An algorithm, we said, is a sequential step-by-step procedure which can be fully specified in advance of being applied to any particular input. Every minimal step is to be ‘small’ in the sense that it is readily executable by a calculator with limited cognitive resources. The rules for moving from one step to the next must be entirely determinate and self-contained. And an algorithmic procedure is to deliver its output, if at all, after a finite number of computational steps. The Church–Turing Thesis, as we are interpreting it, is then the claim that a numerical function is effectively computable by such an algorithm iff it is μ- recursive/ Turing-computable (note, we continue to focus throughout on total functions).

The Thesis, to repeat, is not a claim about what computing ‘machines’ can or can't do.
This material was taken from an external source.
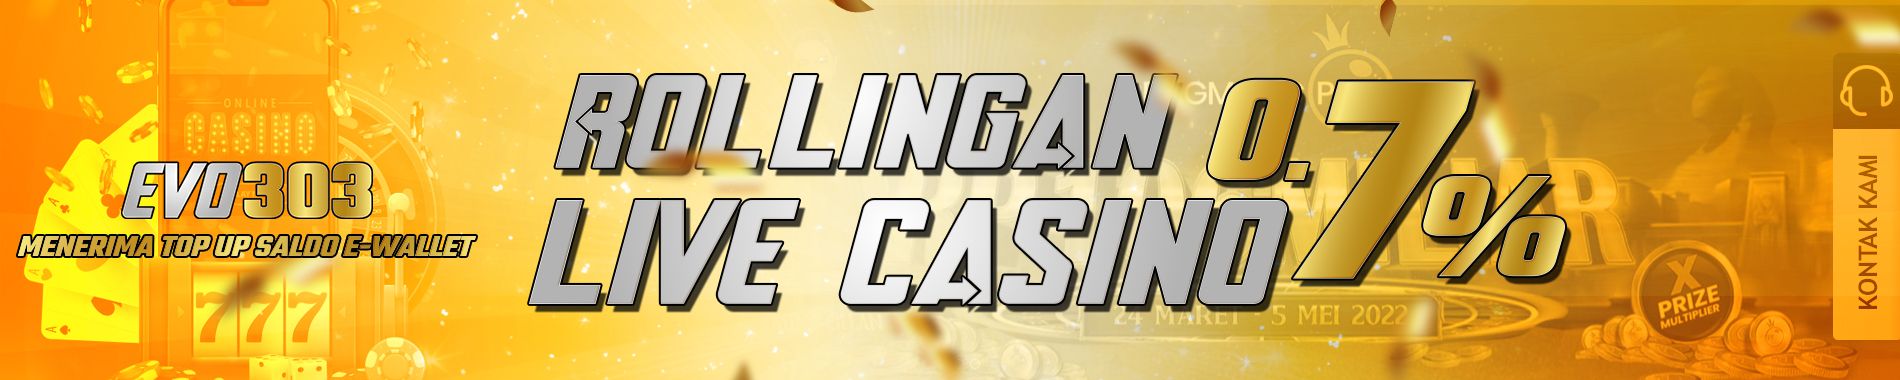 bonus rollingan live casino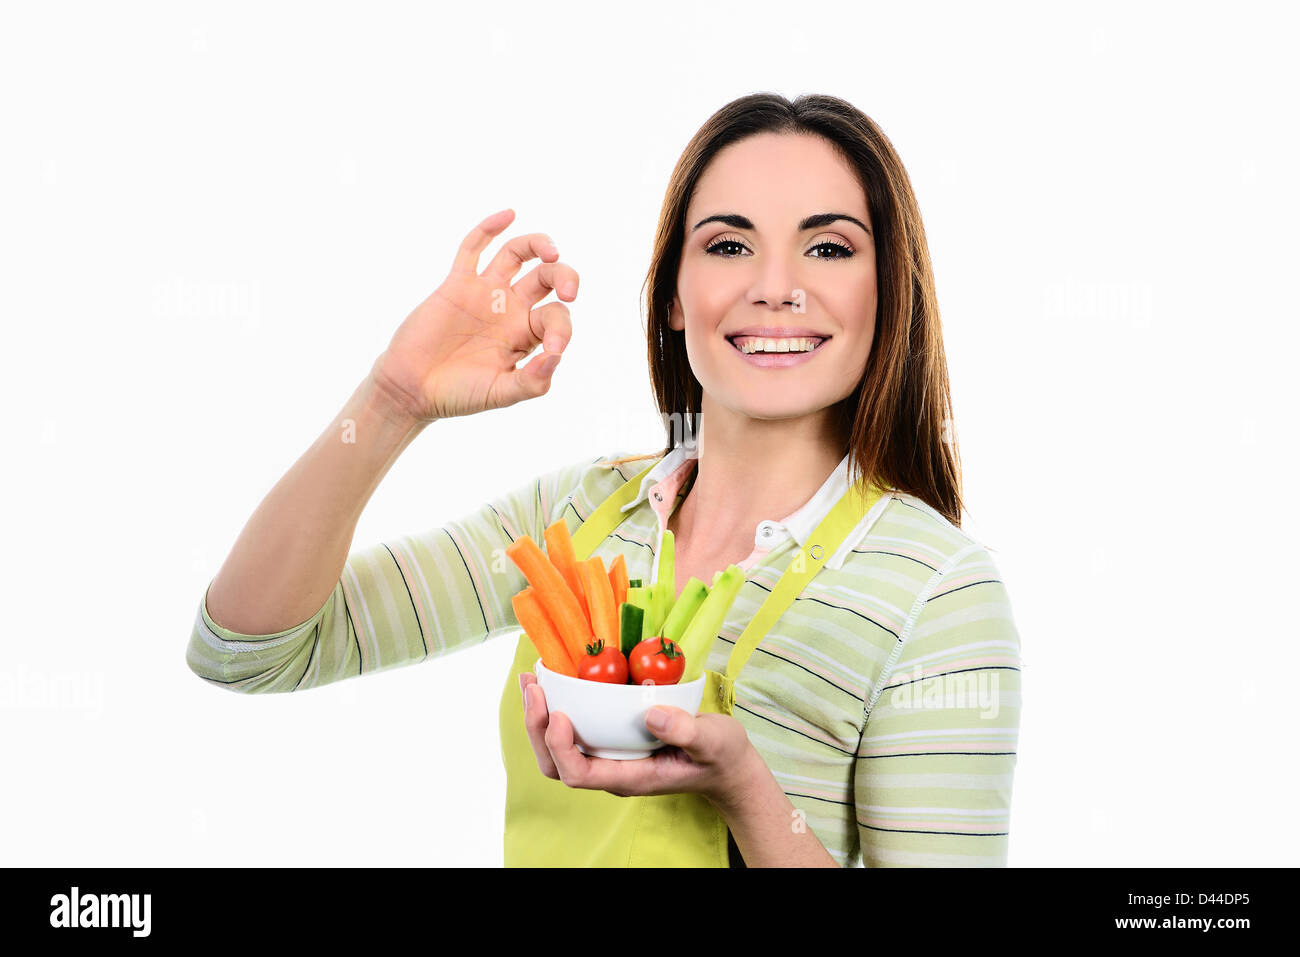 Junge Frau kochen. Gesunde Ernährung - Gemüsesalat. Ernährung. Diät-Konzept. Gesunde Lebensweise. Kochen zu Hause. Essen zubereiten Stockfoto

Perhaps there can, at least in principle, be ‘machines’ that out-compute Turing machines – but if so, such hypercomputing set-ups will not be finitely executing algorithms (see Section 44.4).

And as we also stressed, it is enough for our wider purposes that we accept the Thesis's link between effective computability by an algorithm and μ- recursiveness/Turing computability; we don't have to take a particular stance on the status of the Thesis. But all the same, it is very instructive to see how we might go about following Turing (and perhaps Gödel) in defending a bolder stance by trying to give an informal proof that the intuitive and formal concepts are indeed coextensive. So in this chapter I attempt such a demonstration.